Just as rebuilding after an earthquake (which boosts GDP) does not make people wealthier than they were before, building fewer shops does not make them poorer.

These problems do not invalidate the use of GDP. But given the direction of technological change in an ever-more digital world they seem likely to grow more serious, and solutions to them are both hard and imperfect. Measuring the consumer surplus from new or free products relies on brave assumptions; estimates vary widely depending on which ones are used. To be consistent over time would require measuring the consumer surplus of goods and services that are well established in the consumer basket.

A sense of the scale of the task can be gained from looking at estimates of how fast the economy grew during a previous time of headlong technological change—the Industrial Revolution.

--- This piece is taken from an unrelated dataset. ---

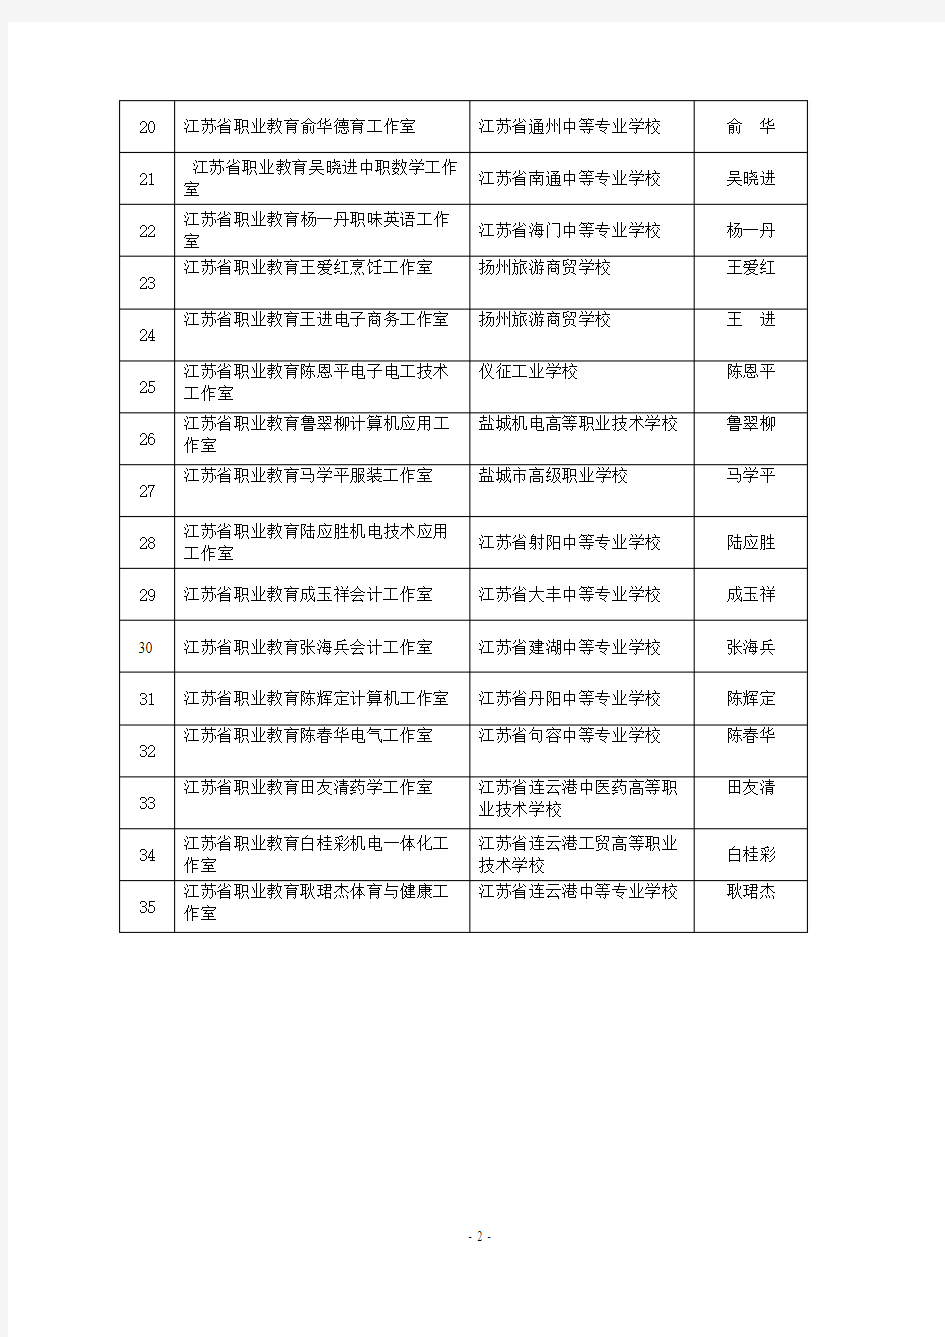 第四批江苏省职业教育名师工作室建设名单

Around the time that GDP was first being used to measure contemporary economies, some economic historians ventured to apply it to the past, too. They concluded that there had been a sudden take-off in economic growth after 1750; a landmark post-war study reckoned that GDP per worker rose by 1.4% a year, an unprecedented rate, in the first half of the 19th century.

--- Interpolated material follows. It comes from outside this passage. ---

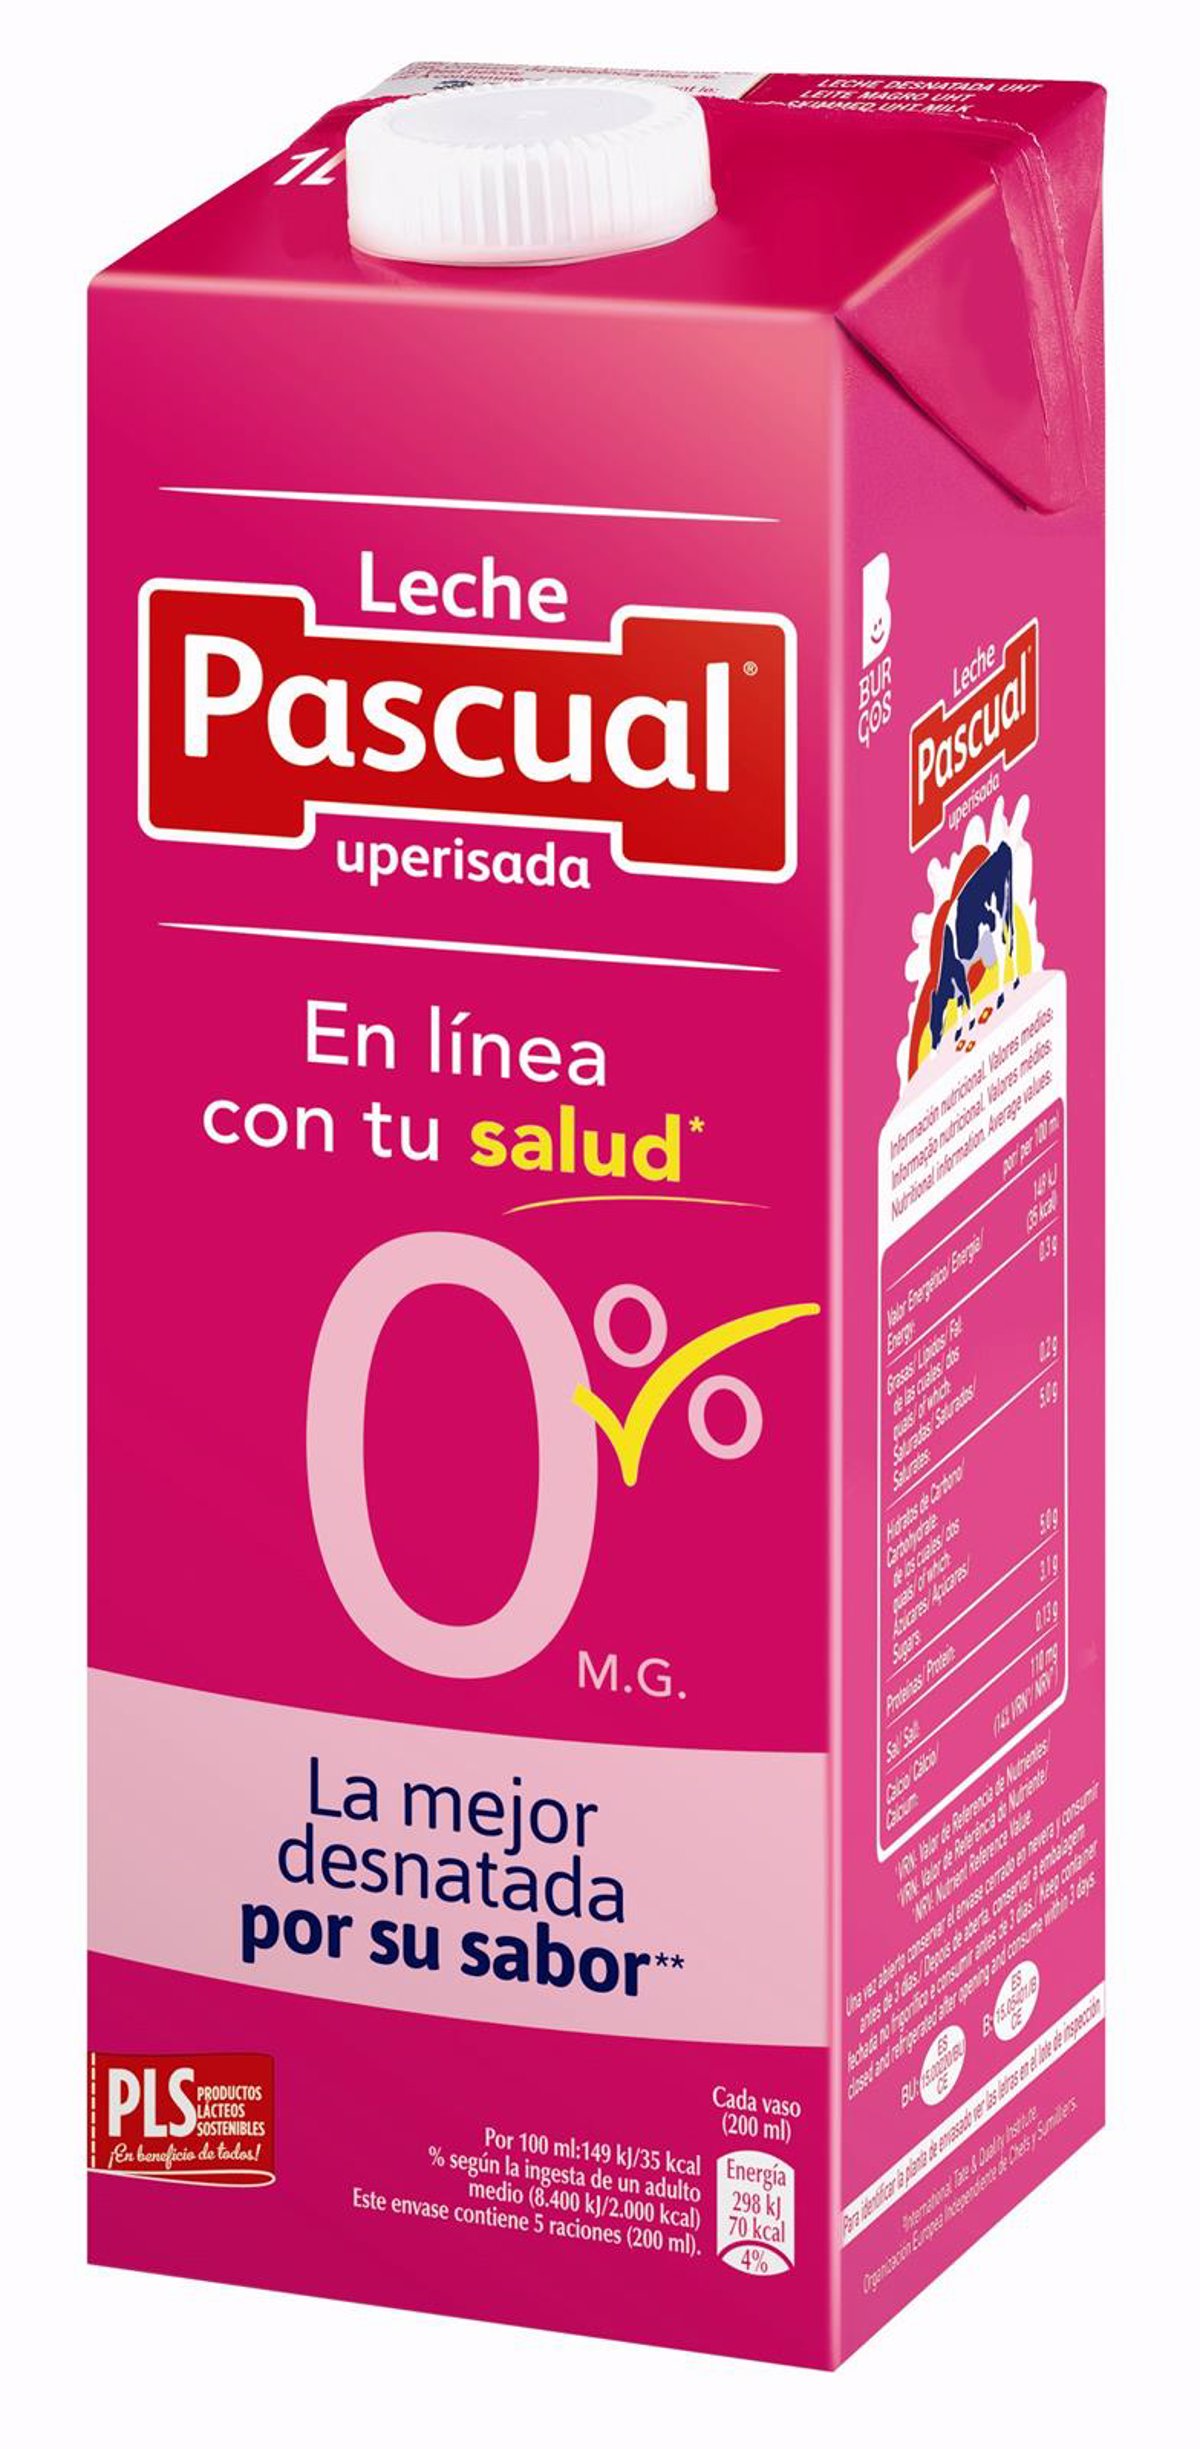 Leche Pascual Desnatada 0%, la que más gusta a los consumidores por su sabor

You say you measured a revolution
In the 1980s, research by Nicholas Crafts of Warwick University found that the 18th century’s glut of industrially transformative inventions had been applied rather narrowly, with madcap growth seen only in a few sectors of the economy. He put productivity growth at a less revolutionary 0.5% a year. A generation further on colleagues of Mr Crafts, led by Steve Broadberry, published research which nudged the figures back up a bit. Even centuries on, it is hard to settle on GDP estimates in times of upheaval. And they still miss many of the changes wrought—the consumer surplus due to railways, say.

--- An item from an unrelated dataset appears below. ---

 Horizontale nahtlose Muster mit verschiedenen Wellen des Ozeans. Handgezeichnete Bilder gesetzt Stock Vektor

“It is a big mistake to think that one number serves for all purposes,” says Sir Charles. The problem is that, as things stand, GDP risks serving all its purposes ever-less well. The Bank of England has become so chary of GDP figures that it publishes a range of numbers both for its forecasts of growth and for its history. Its latest projections put recent GDP growth in Britain somewhere between zero and 4%. Such hyper-scepticism might seem a bit silly. But is it really no more absurd than proclaiming, with great certainty, that GDP growth in China fell from 6.8% to 6.7% in the year to the first quarter, when it almost certainly didn’t?

If comparisons of GDP from one quarter to the next are dodgy, those from decade to decade are perilous. America’s Census Bureau calculates that median household income, adjusted for inflation, was barely higher in 2014 than it was 25 years earlier. Measured living standards for a typical American have stagnated for a quarter-century, in other words. This finding undoubtedly reflects something real. But would a typical American really be indifferent between 1989 medical care at 1989 prices and today’s medical services at current prices, asks Ken Rogoff of Harvard University? If GDP figures really measured what they try to measure, that would be the rational stance.

The challenge, said Mr Nordhaus in his paper on light, is to construct measures that “account for the vast changes in the quality and range of goods and services that we consume.” But that means finding ways to more readily compare hand-held e-mail with fax machine, self-driving car with jalopy, vinyl records with music-streaming services and custom-made prosthesis with health-service crutches.

Perhaps an Einstein could do it. Odds are, though, that he’d take one look and stick with the simplicities of physics instead.